Even though the kids were poor, the school was clean and there was a lot of energy in the air. The courtyard had "life-size" paintings of different characters ranging from Mayan warriors to Winnie the Pooh and Fred and Wilma Flintstone.  The combined 5th and 6th grade class had about 20 kids, including the class president, a girl who won the office because she had the best grades. The 3rd grade class was way more crowded, with over 40 kids. "This is the age when we start to lose them" Lorena told me. "Anything we can do to keep them in school longer will make a difference." She also told me that attendance had increased after the school had opened a computer lab, and the school was in the process of converting one of their buildings into new classrooms to accommodate the increase.

The computer lab had about 20 refurbished PCs along with some printers and a scanner. The fourth graders were in there using a program to help them correct their math homework (long multiplication). They seemed very focused, with little notebooks on their laps containing the equations they had drawn out by hand, and they were then using the computers to check their answers.

As we walked out of the lab, I noticed a 3 ft. wide satellite antenna on the roof of one of the buildings. "What's that for?" I asked. No one seemed to know, and one of the ministry of education people had to ask around and finally came up with an answer: "Some person donated it to the school for Internet access, but then stopped paying the satellite bill, so it doesn't work".

I've thought about that answer all day. I bet when the satellite dish was installed, a person like me showed up for a ceremony complete with the balloons, flowers, assembled kids, and moms with the babies in slings. I bet they made a speech about the importance of connecting with the rest of the world, and how there will be a better future for the children enabled by technology. And then someone stopped paying the bill.

Guatemala is a country where an entry level teacher makes US$250 a month. It costs that teacher US$14 a month to buy a 128kb dialup connection. That's the equivalent of a recent college grad in the US paying $150 a month for a very slow NetZero dialup connection. So introducing high speed Internet access to a rural school in Guatemala is a BIG deal, even more so when the school has the policy of sharing the resource with everyone in the community, which is what this school does.

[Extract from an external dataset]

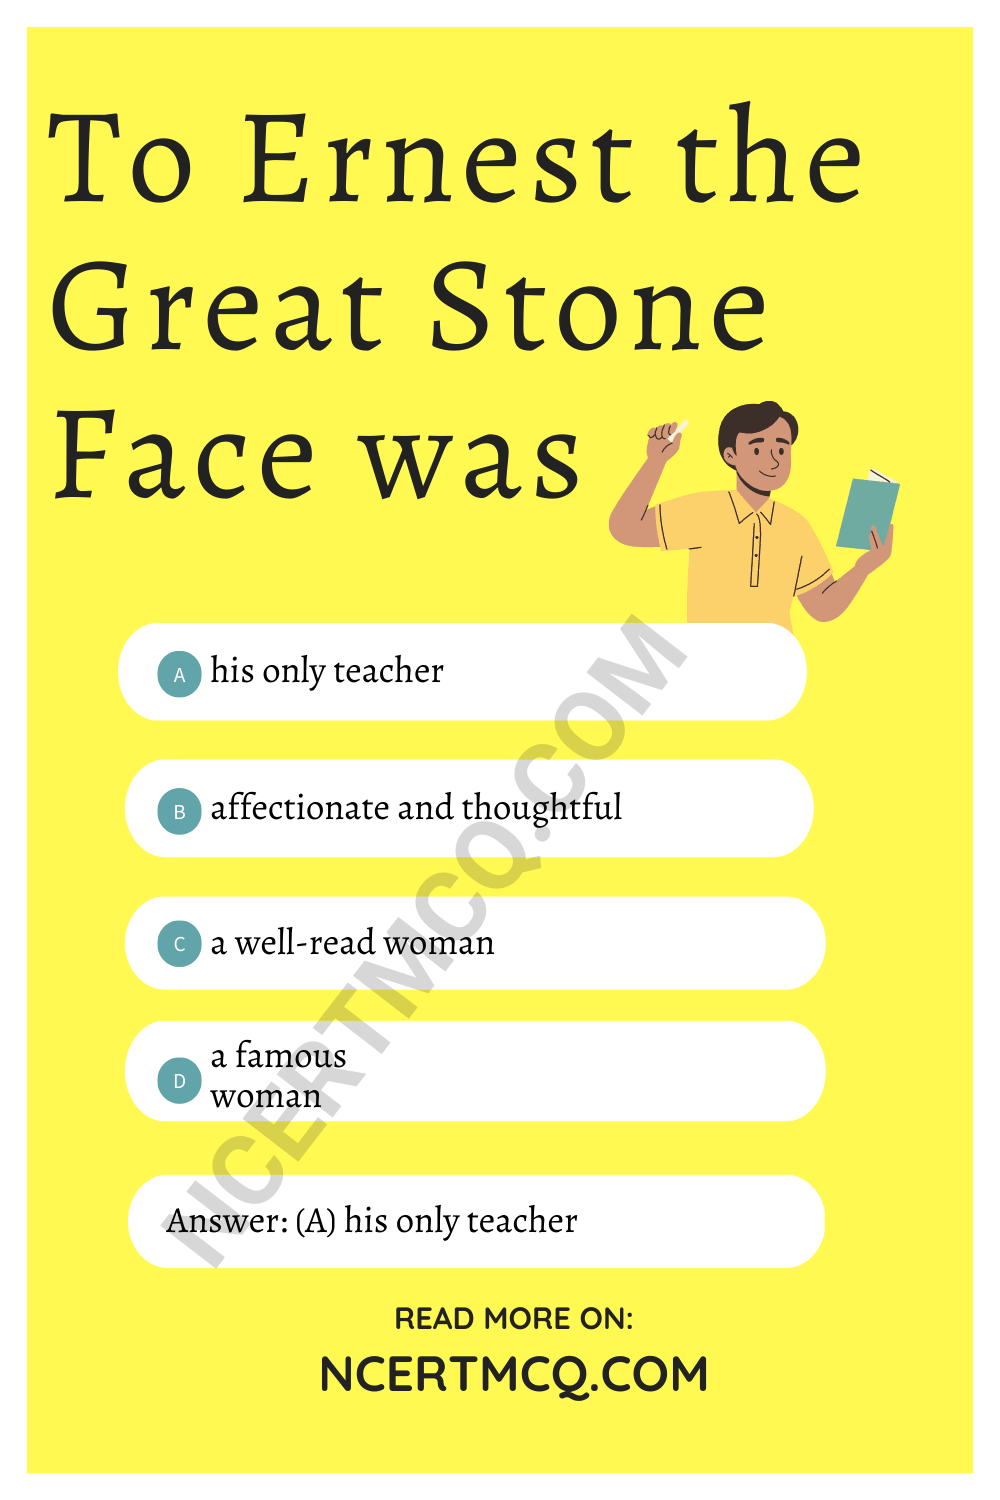 To Ernest the Great Stone Face was

But it makes no sense to introduce the technology and then effectively take it away because we haven't figured out how to keep it running in places like Guatemala on an ongoing, locally-supported basis. That holds true whether it's Internet access, $100 laptops or any other technology with the promise of improving people's lives. This is what we mean by sustained social and economic opportunity. There needs to be a model that enables the community to keep it and manage it once it gets there.